Golden Globes: Surviving Shuttlegate, an A-List Transportation Debacle

Seth Abramovitch

“It was like a prison camp," an actress is overheard saying, as delays in Century City forced guests to wait more than two hours. Another prominent indie actress ended up in tears.

Awards season delivered its first scandal of 2016 on Sunday night minutes after the Golden Globes telecast ended: Shuttlegate.

Hundreds, and by some estimates well more than a thousand, would-be Golden Globes revelers gathered in the parking structure at 1999 Avenue of the Stars in Century City, where official party shuttles were to transfer guests to post-show events hosted by HBO, Weinstein/Netflix, Fox, NBCUniversal, Warner Bros./InStyle, Amazon and more. And that’s exactly what they did, gather and wait.

Many industry professionals caught in the line — everyone from agents, managers, executives and even TV stars and other celebs — waited more than two hours after parking their cars to board a shuttle and ride 1.5 miles to the Beverly Hilton, a distance that typically takes five minutes by car. According to those familiar with the situation, construction on Santa Monica Boulevard and added security measures like metal detectors at the parking structure and the Hilton added to the shuttle debacle.

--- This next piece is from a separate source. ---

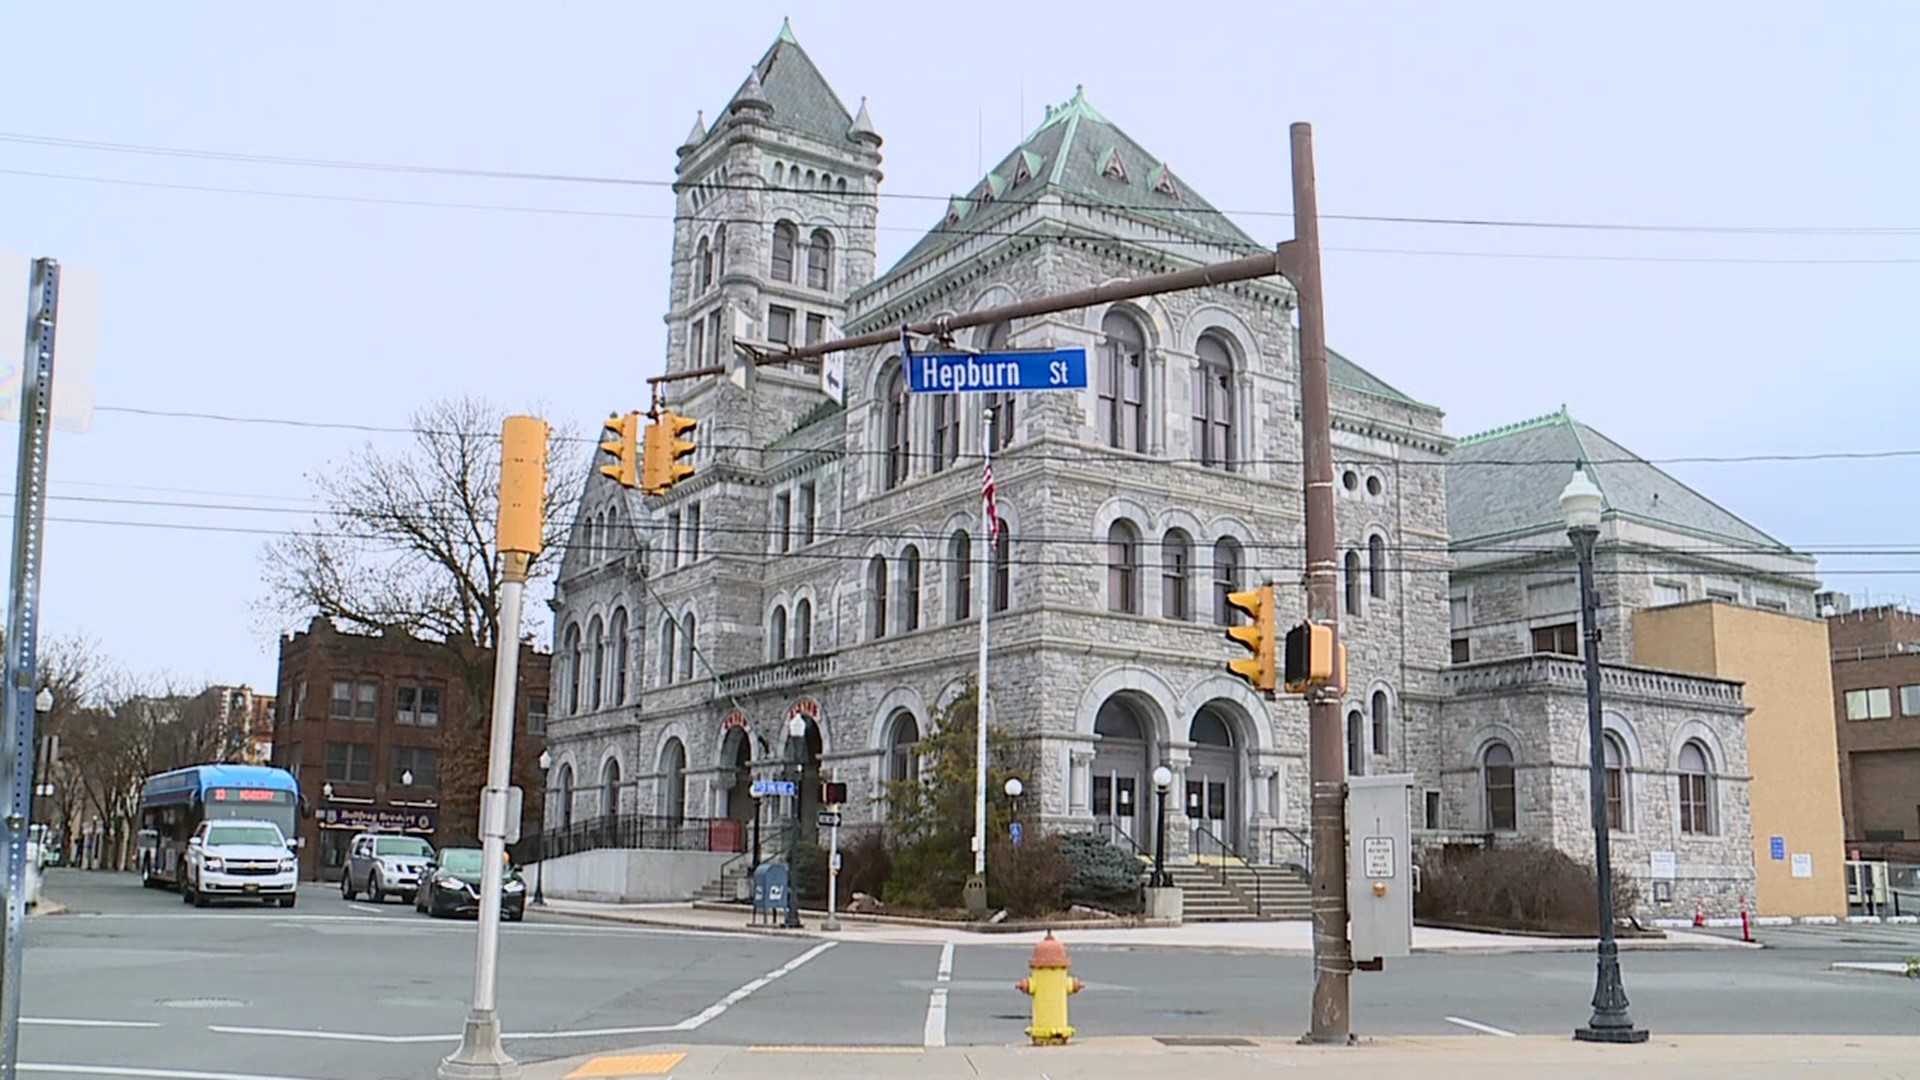 An ongoing Pennsylvania attorney general investigation and a condemned city hall are a few challenges the city will face this year.

Hundreds wait in lines to get shuttled to the Hilton.

But it was clear to anyone waiting that there simply weren’t enough shuttles moving back and forth in what marked the first year that the majority of party guests were required to use the shuttles to gain access to the events at the Beverly Hilton. (Notables like studio chiefs, movie stars and network heads use car services and are allowed to be dropped off directly at the hotel.)

"It was like a prison camp," actress Jaime King was overheard complaining after taking a seat on a shuttle bus after waiting more than an hour. Maybe the actress was joking, but in relative terms it was not uncommon to overhear people inside the structure complaining of being held captive or held in a camp containing the best-dressed prisoners.

It was also a scene that looked more like an after-hours party than a pre-event gathering as many of the women in line were holding their stilettos in hand and walking around barefoot, while the men were huffing and puffing at the situation. One impatient man in the queue started screaming, "What's going on! What's going on!" (One barefoot attendee who waited two and a half hours tells THR: "It was a f—ing nightmare!")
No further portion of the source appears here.